Olympus OM-D E-M1 1/1000s, f6.3, ISO200

The Big Boss!

Olympus OM-D E-M1 1/800s, f6.7, ISO200

Meanwhile back in the arena. Look at the front. They use blank charges in these weapons and you can see the remnants of that charge coming out the front. Just because it’s a blank doesn’t mean it can’t do damage to someone. So although this looks close I was shooting, excuse the pun, with a 300mm lens from some distance away.

Olympus OM-D E-M1 1/800s, f6.1, ISO200

A long time ago I used to do a lot of photo composites using Photoshop. Basically I would take a photograph and usually change out the background for something more interesting.
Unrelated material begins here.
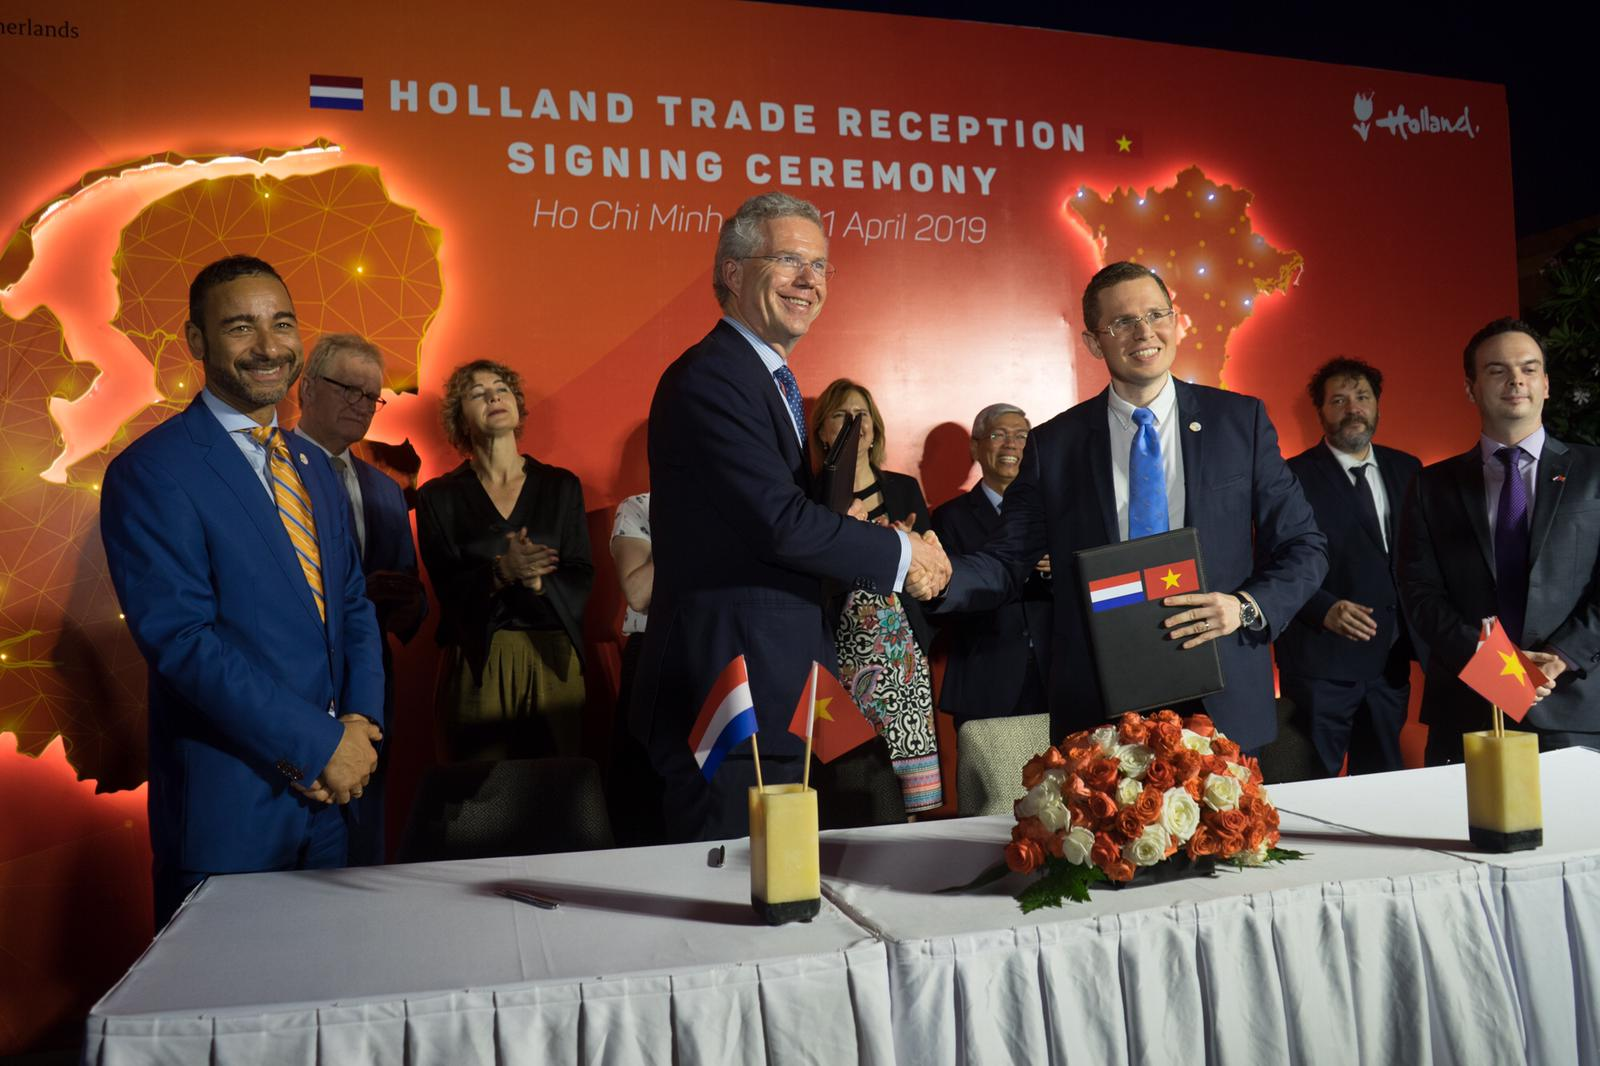 Handelsmissie Vietnam met minister-president Rutte

So with that in mind I took several photographs of this reenactor.

Olympus OM-D E-M1 1/500s, f5.6, ISO200

A shape like that above is easy to cut out in Photoshop and then it’s just a case of blending it into the background which I obtained from a stock site called DeviantArt

My thanks to Nathies Stock for this beautiful painted background

After the firing display I took the time to wander around some of the static displays on show. If I remember rightly these guys represent Finnish troops.

Olympus OM-D E-M1 1/500s, f5.6, ISO200

You’ll notice they are sitting around a fire. Despite the fact that it was sunny day, there was a really cold wind blowing across the field and most static displays had a fire of sorts

Olympus OM-D E-M1 1/500s, f5.6, ISO200

All in all I had an enjoyable day and although the grounds weren’t officially open to the public there were a few people having a look, so I went for a wander before heading home.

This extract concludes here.